Whisk flour, baking powder, baking soda, and salt together in bowl.
In a separate bowl, microwave butter, chocolate, and cocoa at 50 percent power, stirring occasionally, until melted and smooth, about 1 minute. Be careful not to overheat the mixture. Let cool slightly.
Whisk sugar and egg together in a medium bowl until smooth. Whisk in milk and vanilla until combined. Whisk in cooled chocolate mixture until well combined.
Sift flour mixture over chocolate mixture in 2 additions, whisking gently after each addition until just a few streaks of flour remain (batter will be thick).

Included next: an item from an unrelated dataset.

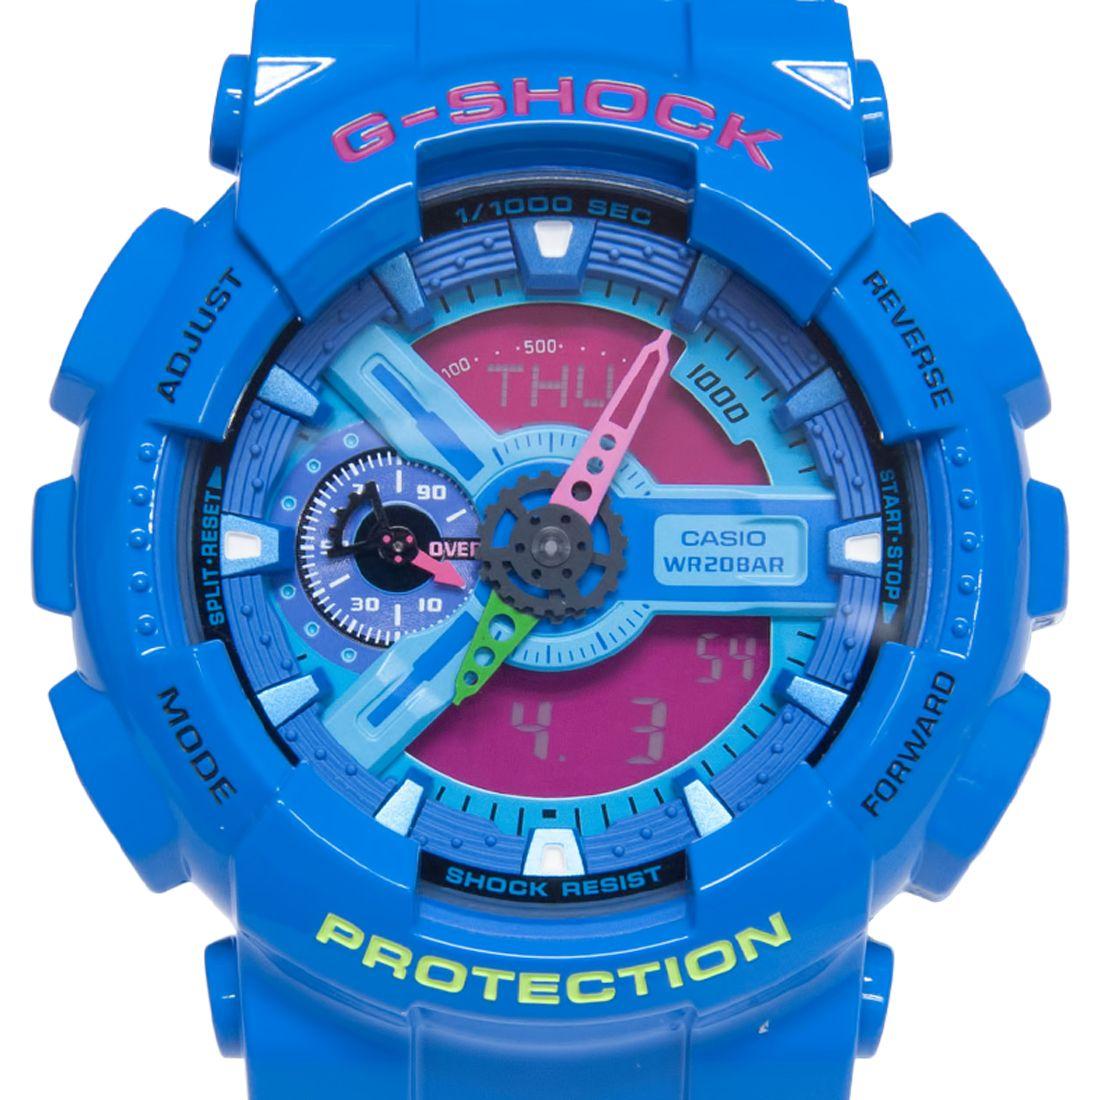 Casio GShock Chronograph WR200m Mens Watch GA110HC2ADR
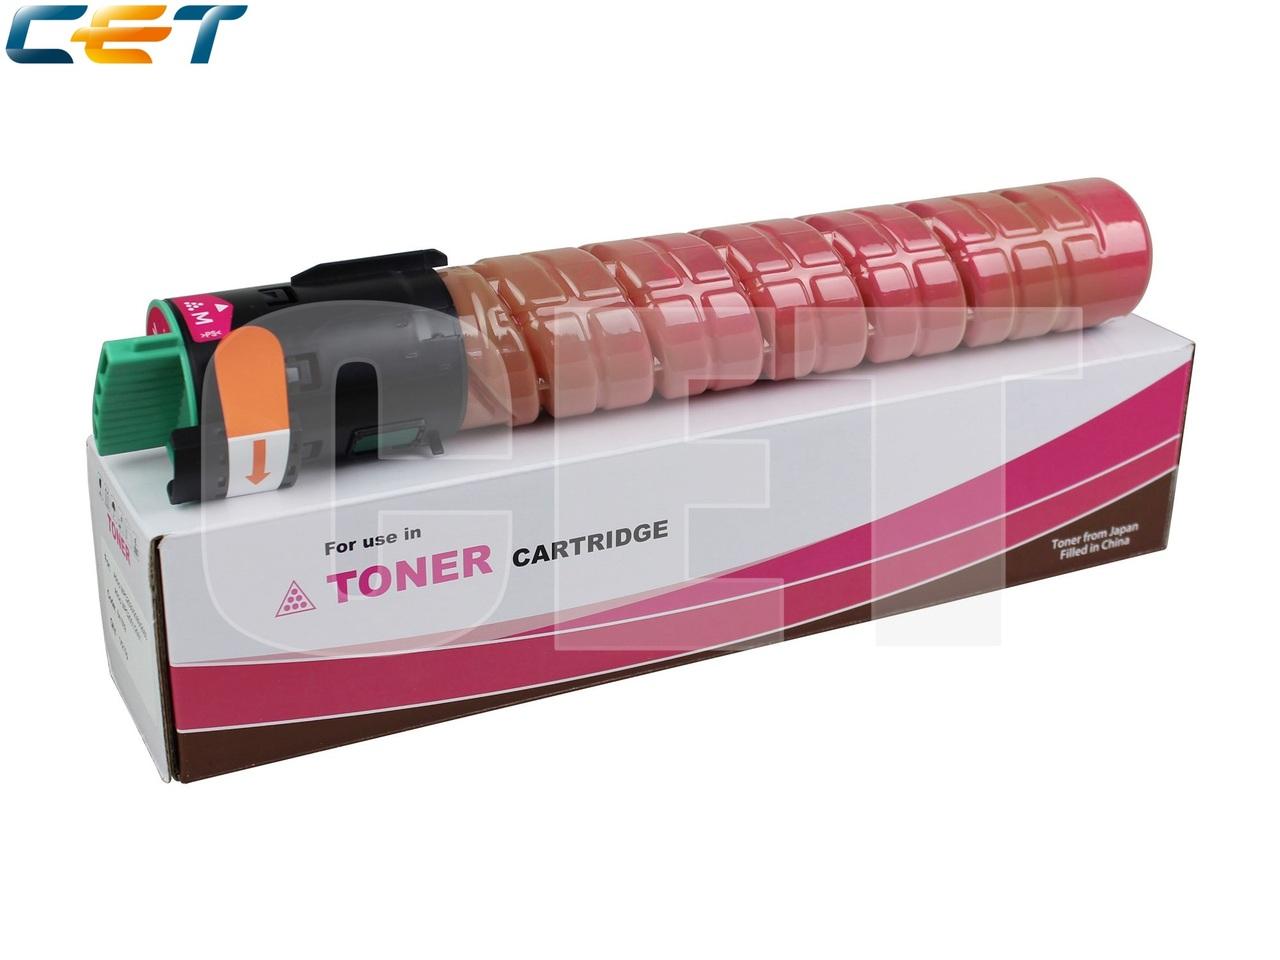 Тонер-картридж (Type 516) 841506 для RICOH AficioMPC2551/MPC2051/MPC2550/MPC2050/MPC2030 (CET)Magenta, 215г, 9500 стр., CET6462

Continue to whisk batter until most of the lumps are gone (but do not overmix).
Using a cookie scoop or dry measuring cup, divide batter evenly among prepared cupcake liners. Bake cupcakes until toothpick inserted into center comes out clean, about 18 to 22 minutes, making sure to rotate muffin tin halfway through baking.
Let cupcakes cool in pan on wire rack for 10 minutes. Remove cupcakes from muffin tin and let cool completely on rack, about 1 hour (or until cakes are cool to the touch and no residual warmth is detected).
Pipe a swirl of frosting onto each cooled cupcake and serve. Or, if you have halved the frosting recipe, spread 3 to 4 tablespoons of frosting over each cooled cupcake and serve.
For the Frosting:
Stir cream, vanilla, and salt together in bowl until salt dissolves.
Using hand-held mixer set at medium-high speed, beat butter in medium bowl until smooth, 30 to 60 seconds, scraping down sides of bowl as needed.
Reduce speed to medium-low, gradually add sugar, and beat until smooth, about 2 minutes.
Add cream mixture and beat until combined, about 30 seconds.
Increase speed to medium-high and beat until frosting is pale and fluffy, about 5 minutes.
Optional: add a drop or two of food coloring to tint your frosting.